In 2001, the first "World Stunt Awards" was held in Los Angeles. Presented by actor Alec Baldwin, the event had A-list stars presenting the statues to Hollywood's unsung heroes. Arnold Schwarzenegger was presented with the first "Lifetime Achievement" award. He presented the awards in 2001. The awards show hands out eight awards: Best Fight, Best Fire Stunt, Best High Work, Best Overall Stunt by a Stunt Man, Best Overall Stunt by a Stunt Woman, Best Speciality Stunt, Best Work with a Vehicle and Best Stunt Coordinator and/or 2nd Unit Director.
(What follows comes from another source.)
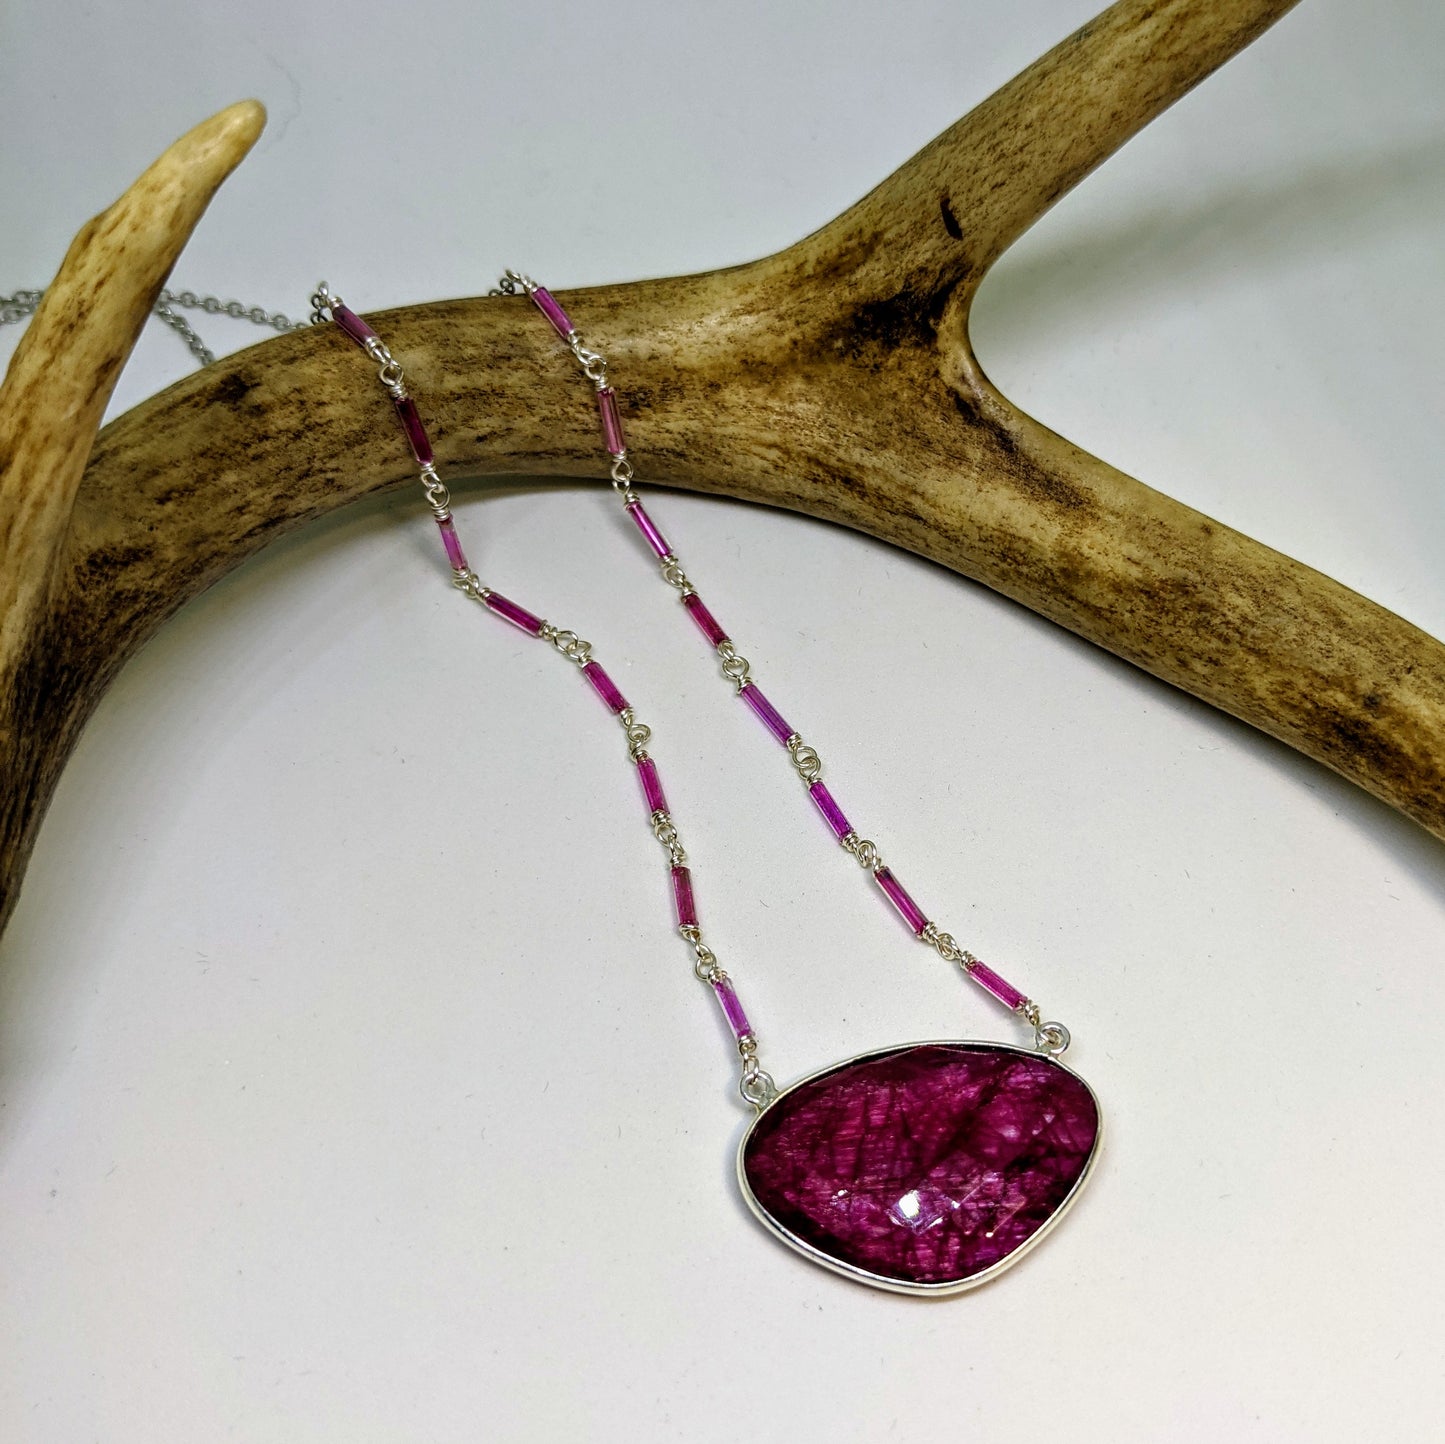 RUBY FREEFORM NECKLACE WITH HANDMADE CHAIN WITH UPCYCLED GLASS CRYSTAL BEADS-NECKLACES-Jipsi Junk-JipsiJunk

Shows such as "Jackass" on MTV2, Dirty Sanchez on British TV, and "Totally Outrageous Behavior" on the American G4 feature people doing outrageous stunts.

Equality in stunts

In past Hollywood movies it was common for men to double for women and White American stunt performers to double for African-American performers. Veteran stunt man David Sharpe, a man of shorter than average height, often doubled for women in movie serials of the 1930s and '40s. It is now against union rules for stunt performers to double an actor of a different gender or race unless the stunt is so dangerous that there are no other volunteers, for example when B.J. Worth doubled for the black Jamaican actor Grace Jones parachuting off the Eiffel Tower in A View to a Kill. The rise of action heroines like Angelina Jolie and African-American stars like Will Smith has offered wider opportunities for stunt performers from diverse backgrounds.

The future of stuntwork

A backlash against dangerous stunts following the death of Sonya Jones [citation needed], coinciding with developments in Computer Generated Imagery (CGI) that make such stunts unnecessary threatens to reduce stunt performers to the status of body doubles. And yet a backlash against movies that resemble video games could lead to a resurrection in pure stuntwork. Movies such as The Matrix and Mission: Impossible II have shown how CGI and stunts can be integrated for maximum effect. But - if for no other reason than safety - it is doubtful that the records established by Hooper and Sharky's Machine will be broken anytime soon.